Biographical details
- Born: June 12, 1979 (age 46) Toronto, Ontario, Canada

Playing career
- 1998–1999: York
- Position: Point guard

Coaching career (HC unless noted)
- 1999–2003: Don Bosco Catholic
- 2004–2005: Northwestern State (assistant)
- 2005–2007: Iowa (assistant)
- 2007–2016: New Mexico State (assistant)
- 2016–2017: New Mexico State
- 2017–2021: New Mexico

Administrative career (AD unless noted)
- 2021–2023: Eastern New Mexico
- 2023–2026: Abilene Christian University (Associate Vice President for Athletics)
- 2026–present: St. Michael's High School (President)

Head coaching record
- Overall: 86–69 (.555) (college)
- Tournaments: 0–1 (NCAA Division I)

Accomplishments and honors

Championships
- WAC tournament (2017)

= Paul Weir (basketball) =

Former basketball coach, current high school administrator (born 1979)

Paul Michael Weir (born June 12, 1979) is the president of St. Michael's High School, a private Catholic school in Santa Fe, New Mexico.
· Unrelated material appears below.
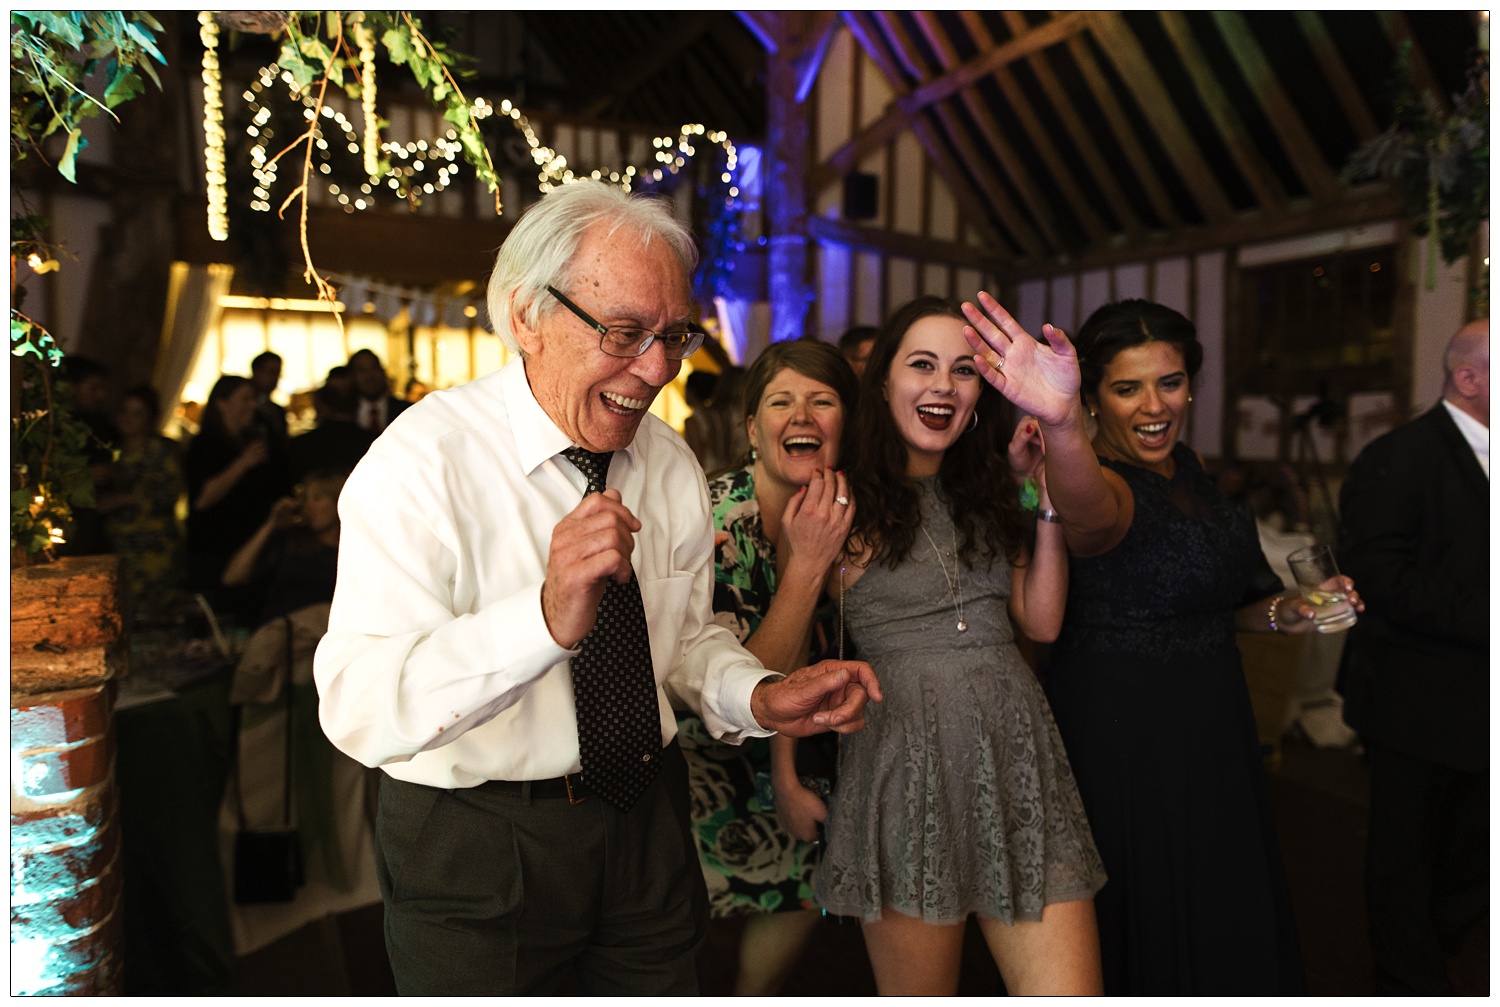 An elderly man is dancing at a wedding reception with three women. They are in Pledgdon Barn and there are fairy lights.
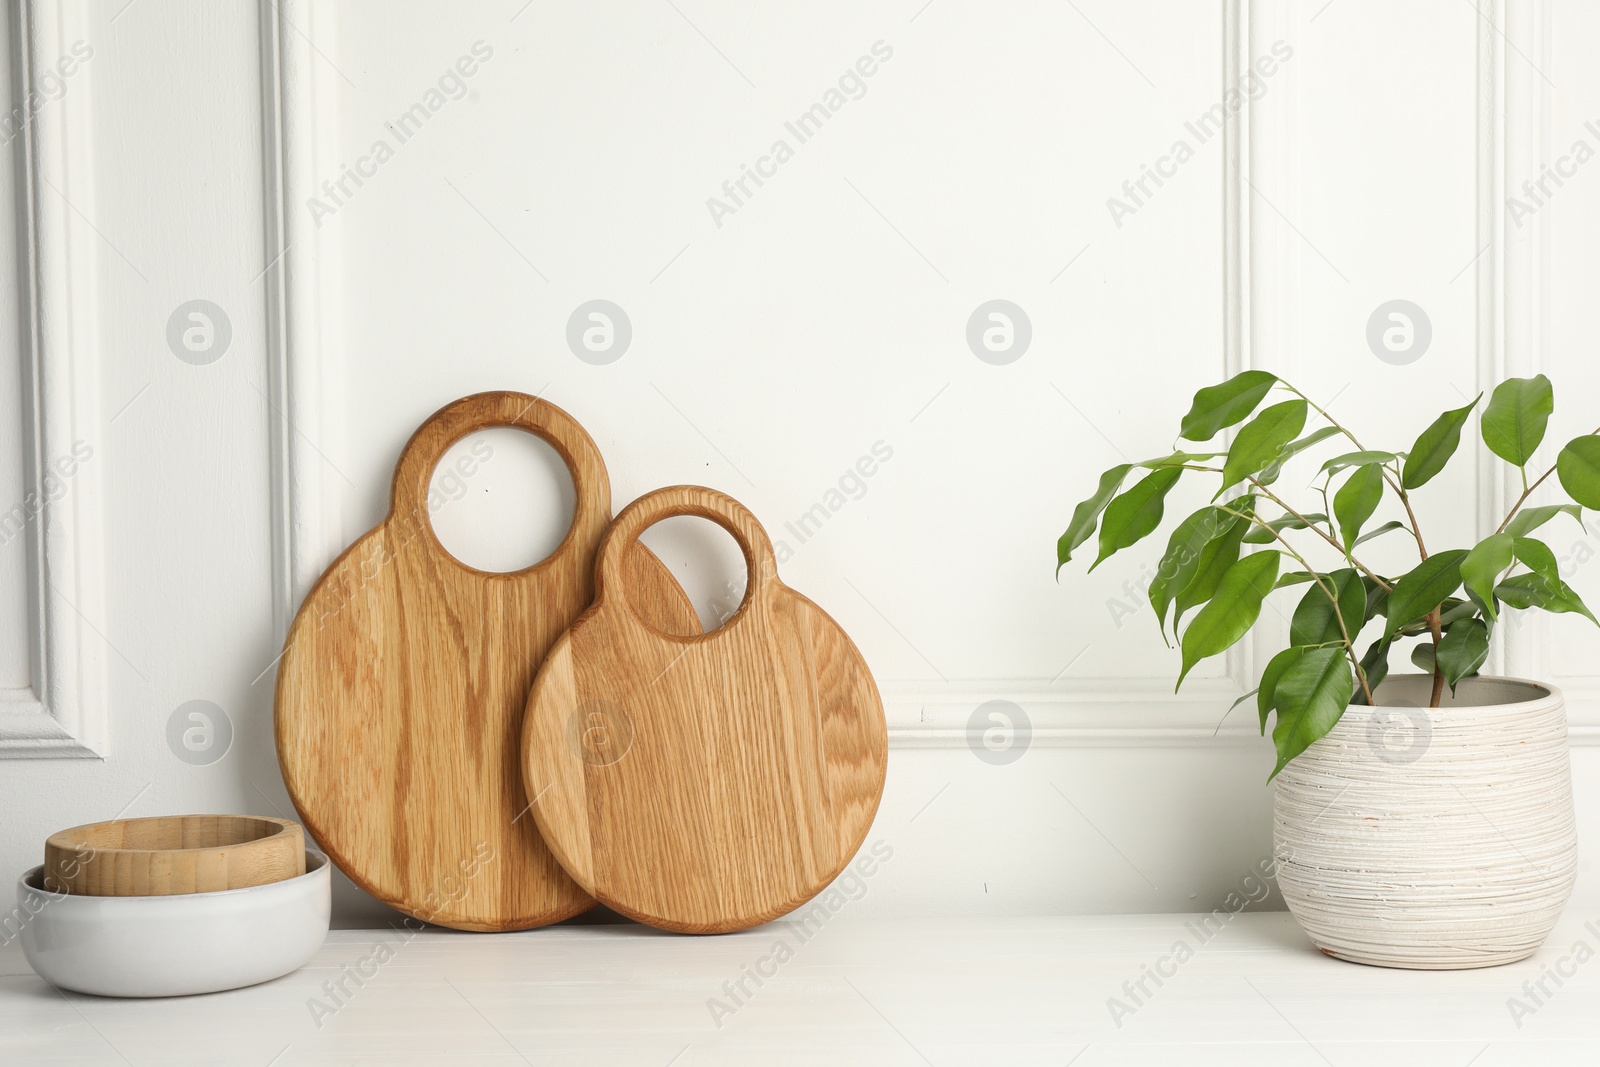 Photo of Wooden cutting boards, bowls and houseplant on white table

Weir was previously associate vice president for athletics at Abilene Christian University from 2023–26, and athletic director at Eastern New Mexico University from 2021–23.

Weir earned a doctorate degree in educational leadership from New Mexico State University in 2019. He also holds three master's degrees: in health and human performance from Northwestern State (2005); sports psychology from Iowa (2010); and business administration from New Mexico State (2012). Weir grew up in Toronto, Canada and graduated from Iona Catholic Secondary School, earning all-regional and city honors playing point guard for the basketball team. He earned a bachelor's degree from York University in Toronto in 2004.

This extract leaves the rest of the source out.